The controller 115 may be located, as shown, in a controller room 121 of the hoistway 117 and is configured to control the operation of the elevator system 101, and particularly the elevator car 103. It is to be appreciated that the controller 115 need not be in the controller room 121 but may be in the hoistway or other location in the elevator system. For example, the controller 115 may provide drive signals to the machine 111 to control the acceleration, deceleration, leveling, stopping, etc. of the elevator car 103. The controller 115 may also be configured to receive position signals from the position reference system 113 or any other desired position reference device. When moving up or down within the hoistway 117 along guide rail 109, the elevator car 103 may stop at one or more landings 125 as controlled by the controller 115. Although shown in a controller room 121, those of skill in the art will appreciate that the controller 115 can be located and/or configured in other locations or positions within the elevator system 101. In one embodiment, the controller 115 may be located remotely or in a distributed computing network (e.g., cloud computing architecture). The controller 115 may be implemented using a processor-based machine, such as a personal computer, server, distributed computing network, etc.
The machine 111 may include a motor or similar driving mechanism. In accordance with embodiments of the disclosure, the machine 111 is configured to include an electrically driven motor. The power supply for the motor may be any power source, including a power grid, which, in combination with other components, is supplied to the motor. The machine 111 may include a traction sheave that imparts force to the tension member 107 to move the elevator car 103 within hoistway 117.
Although shown and described with a roping system including tension member 107, elevator systems that employ other methods and mechanisms of moving an elevator car within an elevator shaft may employ embodiments of the present disclosure. For example, embodiments may be employed in ropeless elevator systems using a linear motor to impart motion to an elevator car. Embodiments may also be employed in ropeless elevator systems using a hydraulic lift to impart motion to an elevator car.

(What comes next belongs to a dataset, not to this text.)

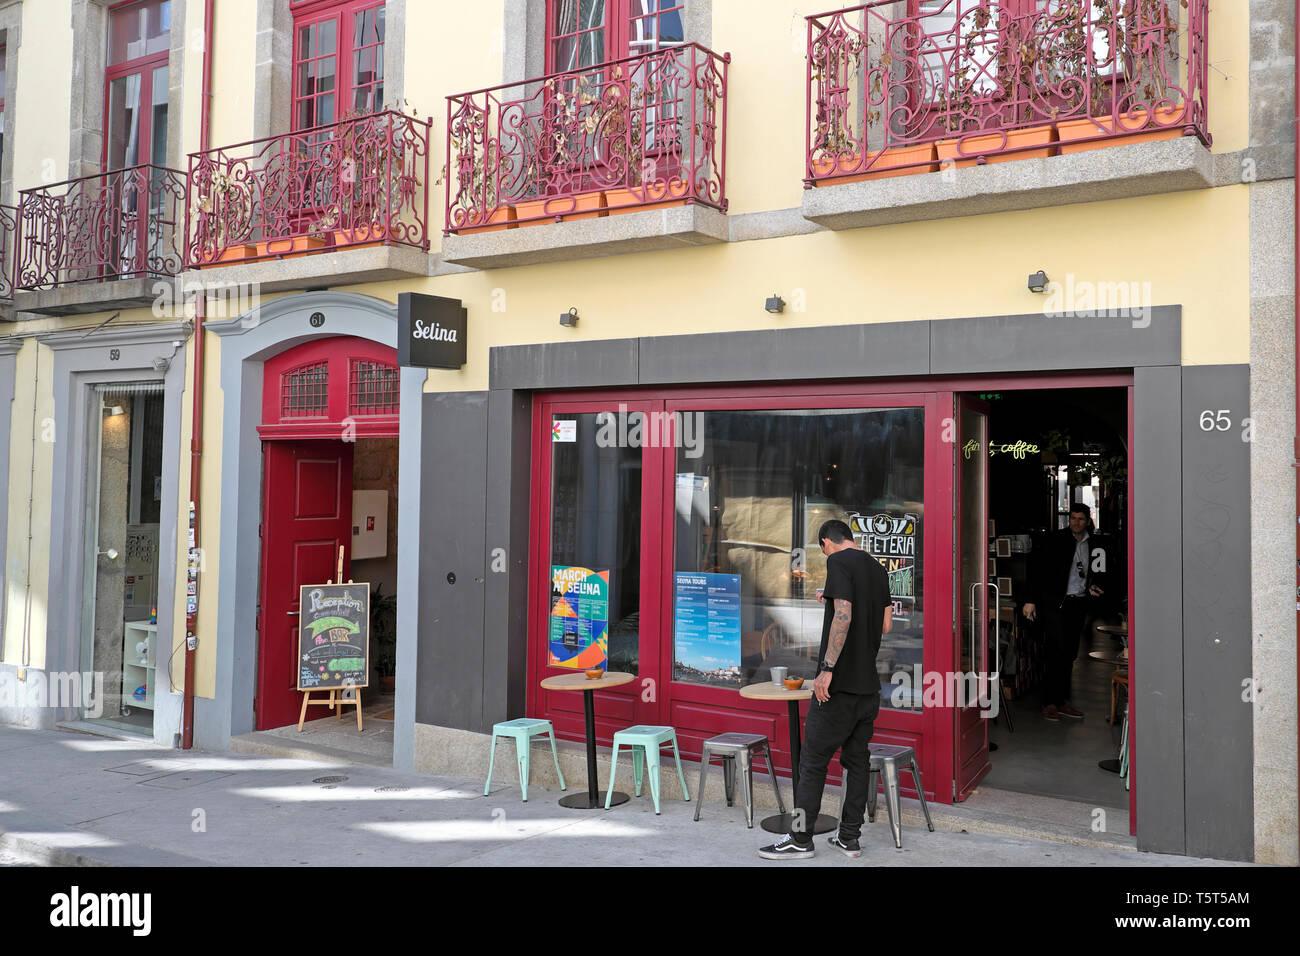 Selina Youth Hostel in the Portuguese city of Porto Oporto Portugal Europe EU  KATHY DEWITT - Stock Image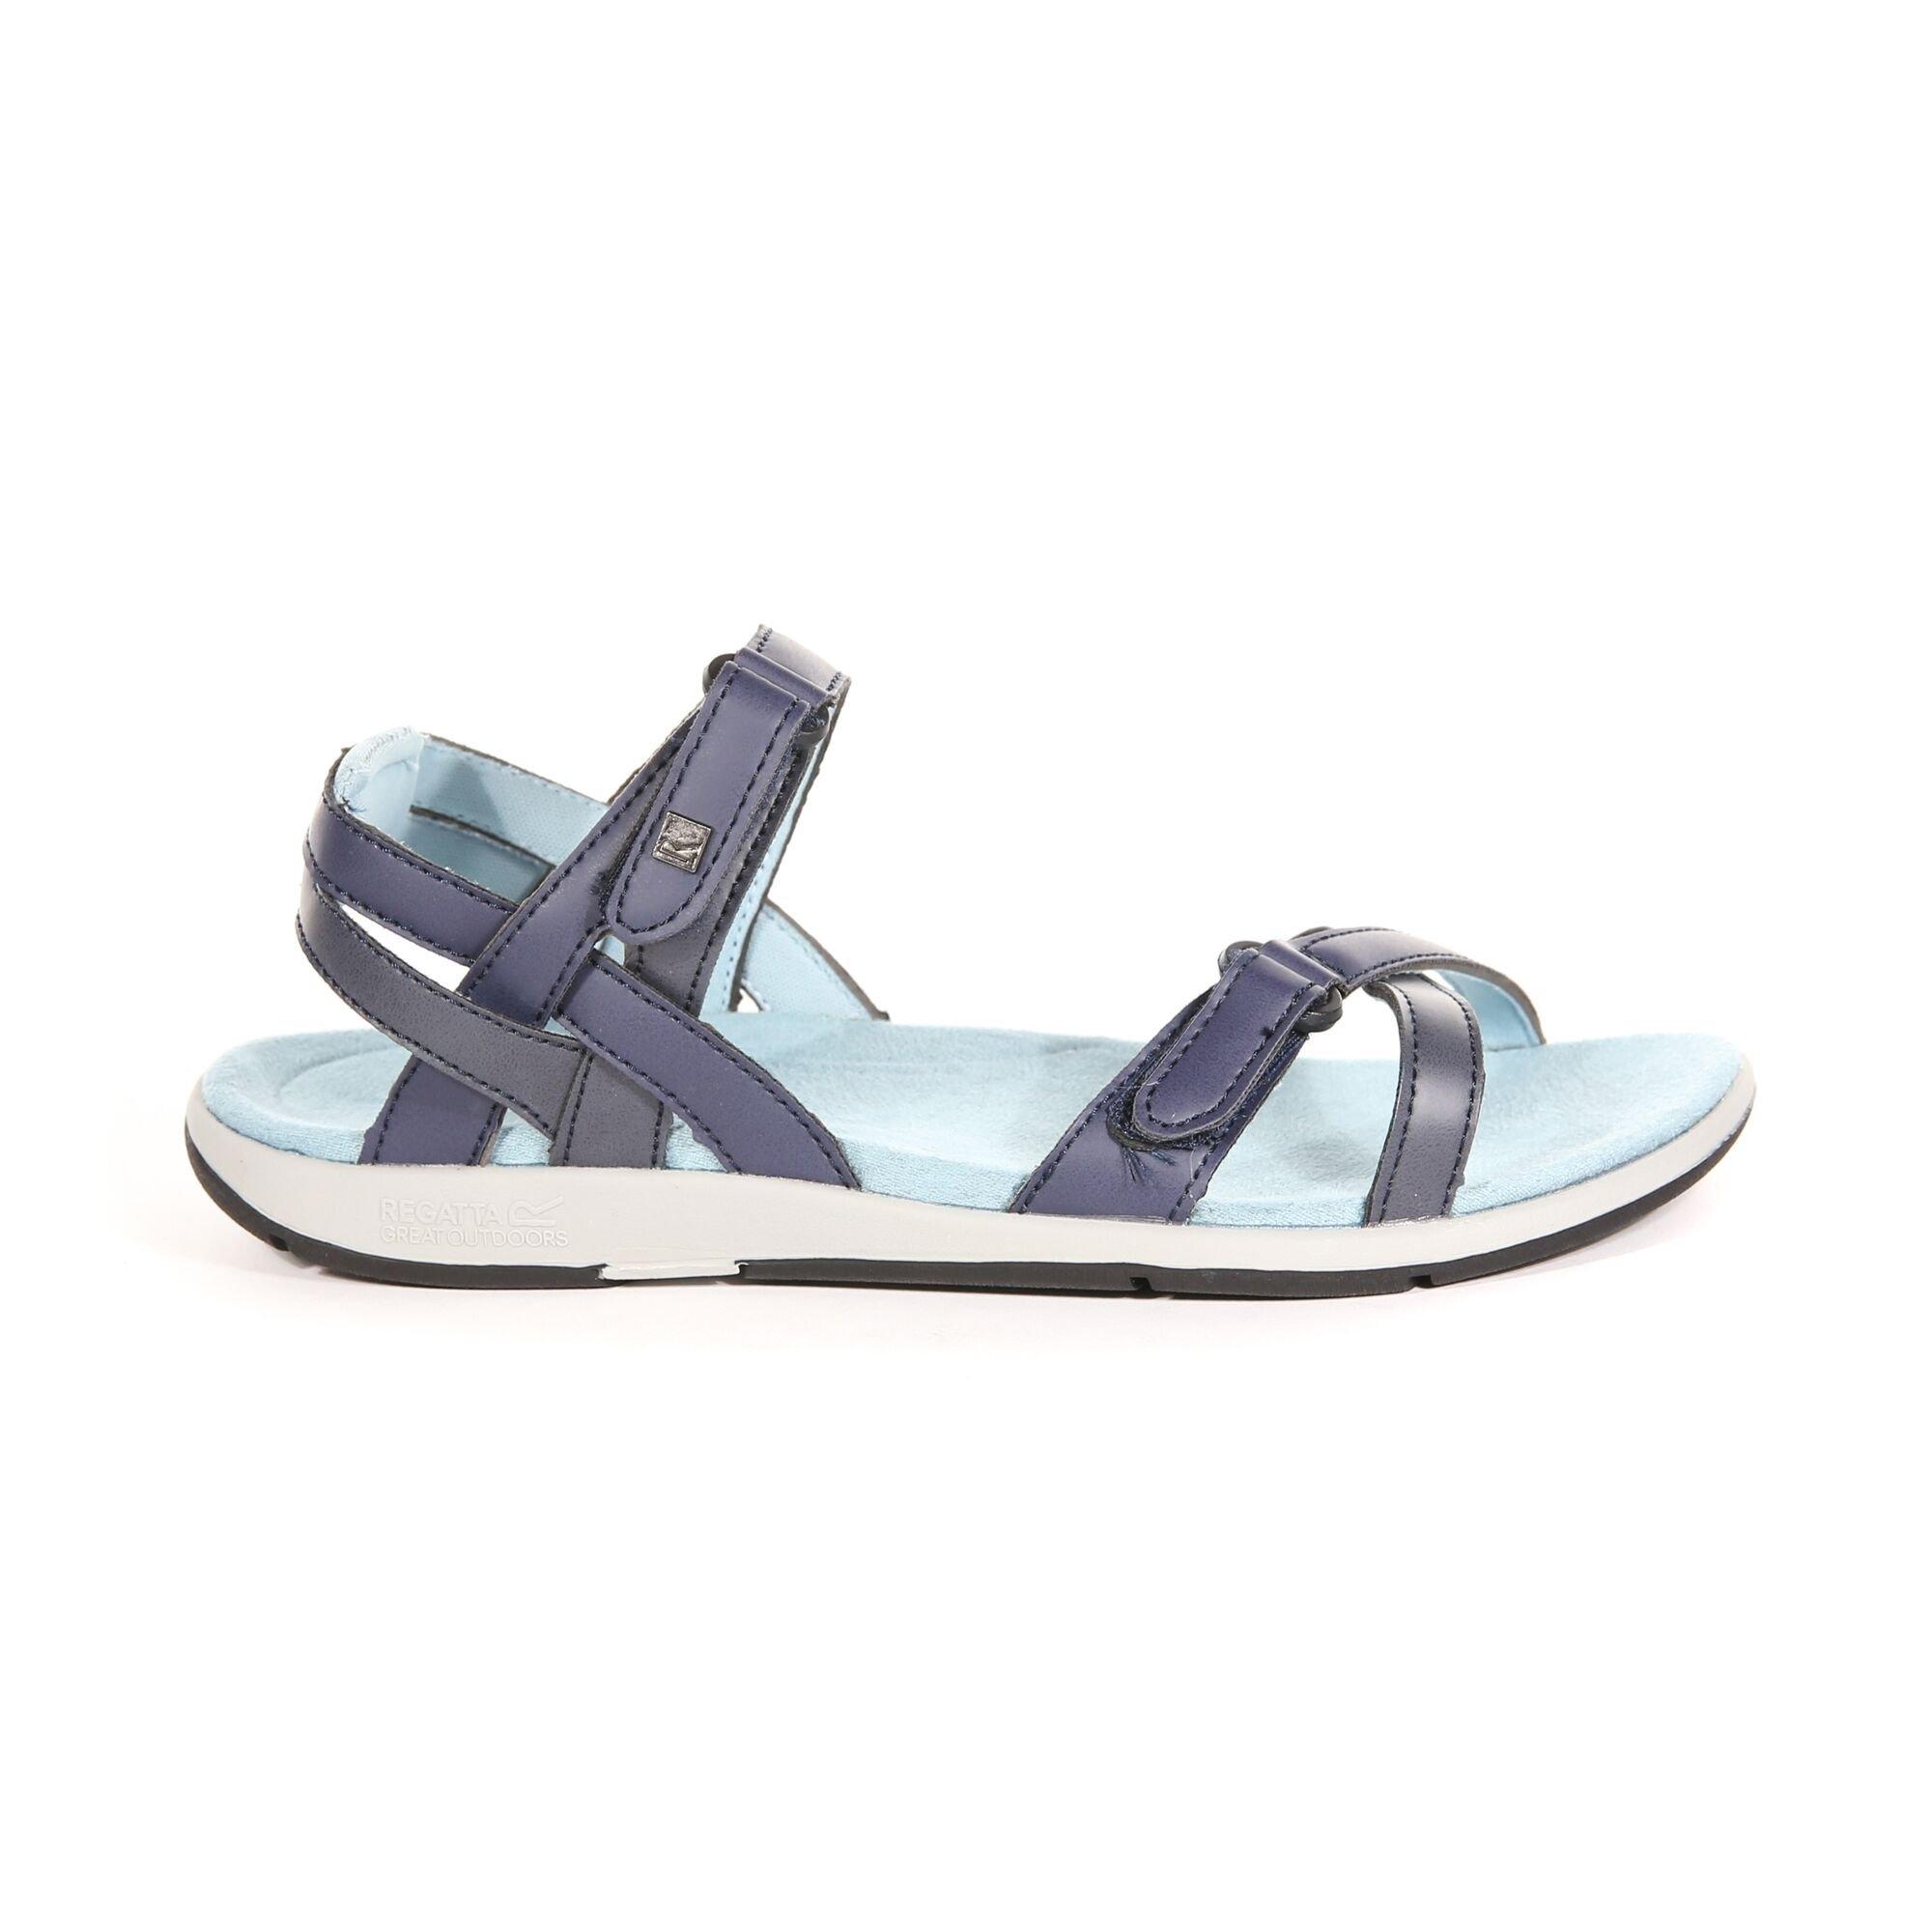 Regatta sandalen Great Outdoors dames n Lady Santa Cruz bij OTTO online kopen

The elevator system 101 also includes one or more elevator doors 104. The elevator door 104 may be integrally attached to the elevator car 103 or the elevator door 104 may be located on a landing 125 of the elevator system 101, or both. Embodiments disclosed herein may be applicable to both an elevator door 104 integrally attached to the elevator car 103 or an elevator door 104 located on a landing 125 of the elevator system 101, or both. The elevator door 104 opens to allow passengers to enter and exit the elevator car 103.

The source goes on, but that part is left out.